Kazriko · March 13, 2014, 8:48pm

Yep, which indicates it might be what I stated. Stuff getting split across multiple cdatas and thus the program not figuring out where the cdata ends properly.

Kazriko · March 13, 2014, 8:50pm

I’d love for someone to find Newsblur’s XML parser in the git repository and run the xml through it, then print out what it thinks the tree from that file looks like.

Kazriko · March 13, 2014, 9:19pm

After poking around a bit, I found it. https://github.com/samuelclay/NewsBlu… << I’ll pull it down sometime this weekend and try it.

Will · March 13, 2014, 9:58pm

Yes, that’s what I’ve got. Everyone will see the same thing - the feed is only parsed once, for everyone.

Will · March 13, 2014, 10:14pm

Yeah, I had a look at that earlier. Technically the feed_fetcher is actually using ‘feedparser_trunk.py’, but the two files are identical. I’ve run it against the current contents of QCRSS.xml and get a guid for every one, and none are duplicates.

Will · March 13, 2014, 10:22pm

It’s actually a bit subtler. It’s Mongo that’s actually throwing the error. The stories are keyed on a hash of the GUID, calculated as ‘hashlib.sha1(guid).hexdigest()[:6]’. I’ve checked all of those though too - no duplicates on those either (for the 353 entries starting Mon 20th August).

Will · March 13, 2014, 10:24pm

My current guess, but this is a complete guess, is that there are older stories in the database than are in the XML feed. Jeff made a few errors in the past with the feed but it’s now fine, but the new feed content is colliding with the old feed content.
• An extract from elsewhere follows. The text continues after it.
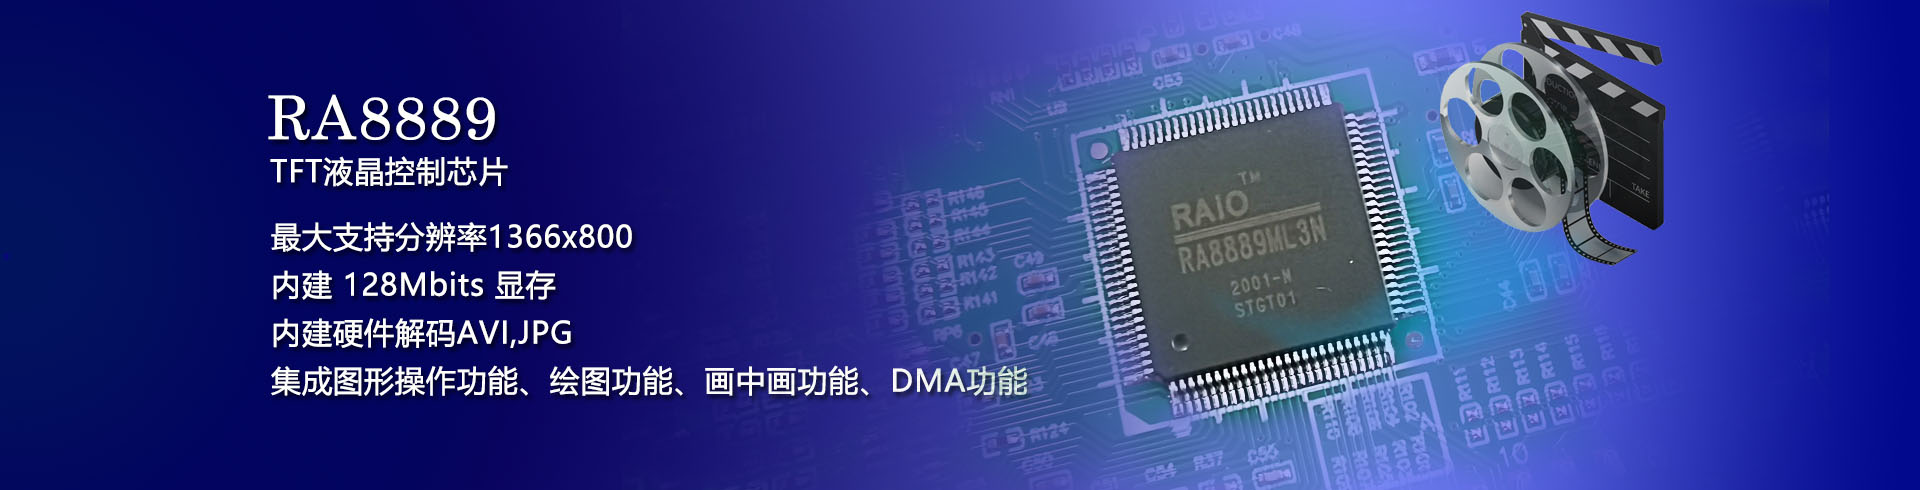 RA8889ML3N 单片机视频解码芯片 AVI JPG
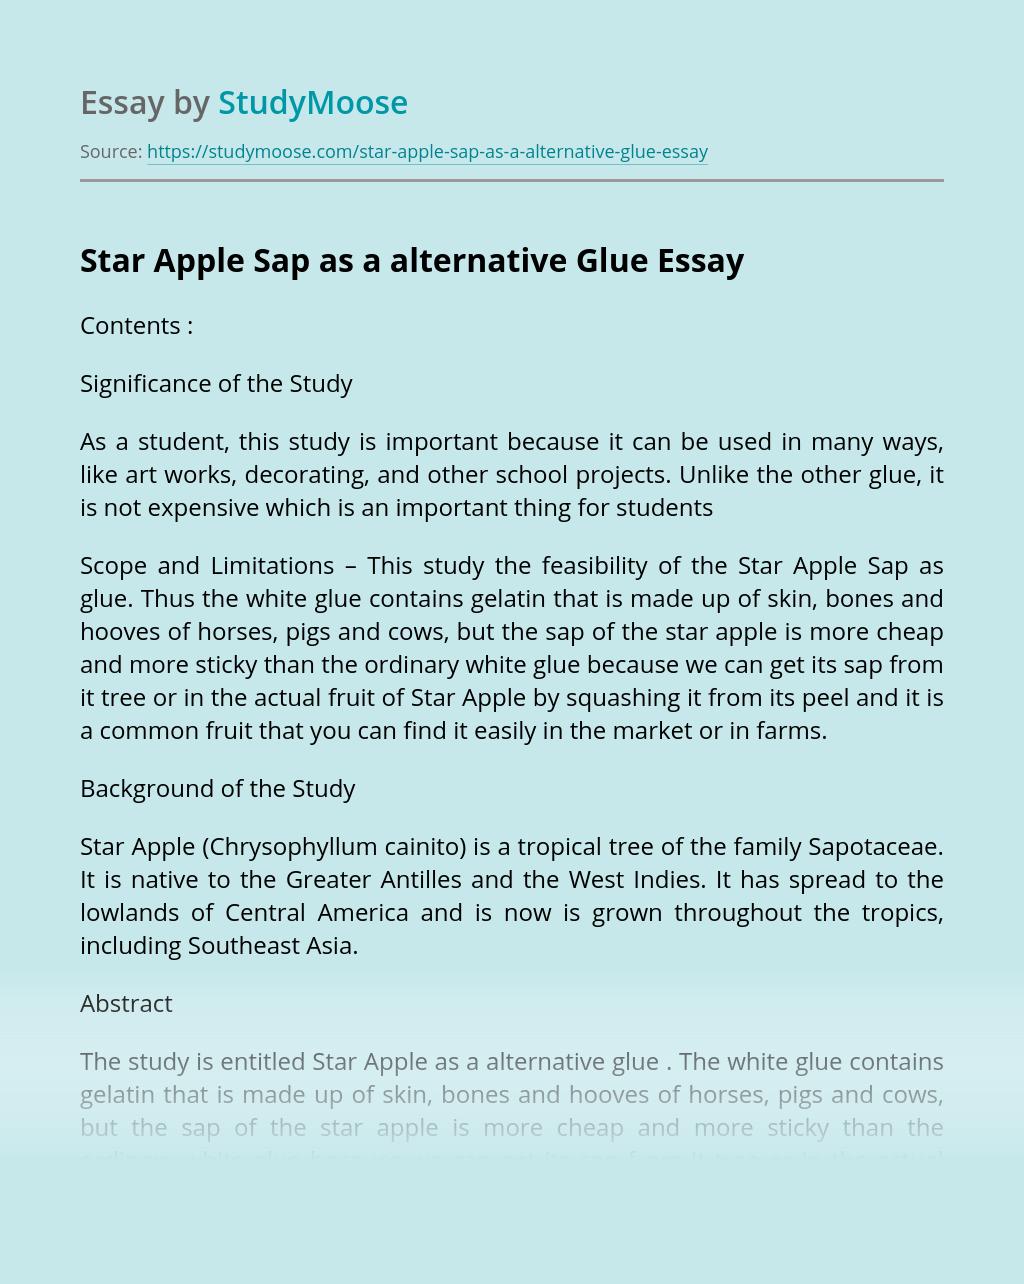 Star Apple Sap as a alternative Glue

That’s the only thing I can think of.

Kazriko · March 13, 2014, 10:44pm

I wonder what it would take to wipe the feed out and reimport it?

samuelclay · March 13, 2014, 11:38pm

Good news, I went in with a whacking stick and start clearing out debris from the feed fetcher’s overly aggressive de-duplicator. What was happening was that NewsBlur was determining that because the stories were 98.9% the same in terms of content (they were, just a single digit was different between some of them), it thought they were the same story.

I made the de-duplicator check to see if the two stories share at least 75% of their title and are published within a day of each other. That will probably do the trick, although keep an eye on some of your other feeds and let me know if anything looks amiss.

This feed will return to normal. Unfortunately there are 7 stories I couldn’t get back into the archive, but future stories should work.

C_Dave · March 14, 2014, 10:29am

Thanks!

(Aside: Surely there are a lot of feeds where only the url changes by a single digit as counter / date urls update?)

Kazriko · March 14, 2014, 6:28pm

Thanks a lot! I’ll keep an eye on it and see how well it works.

But that would explain why I was getting a whole lot of other comics having similar issues.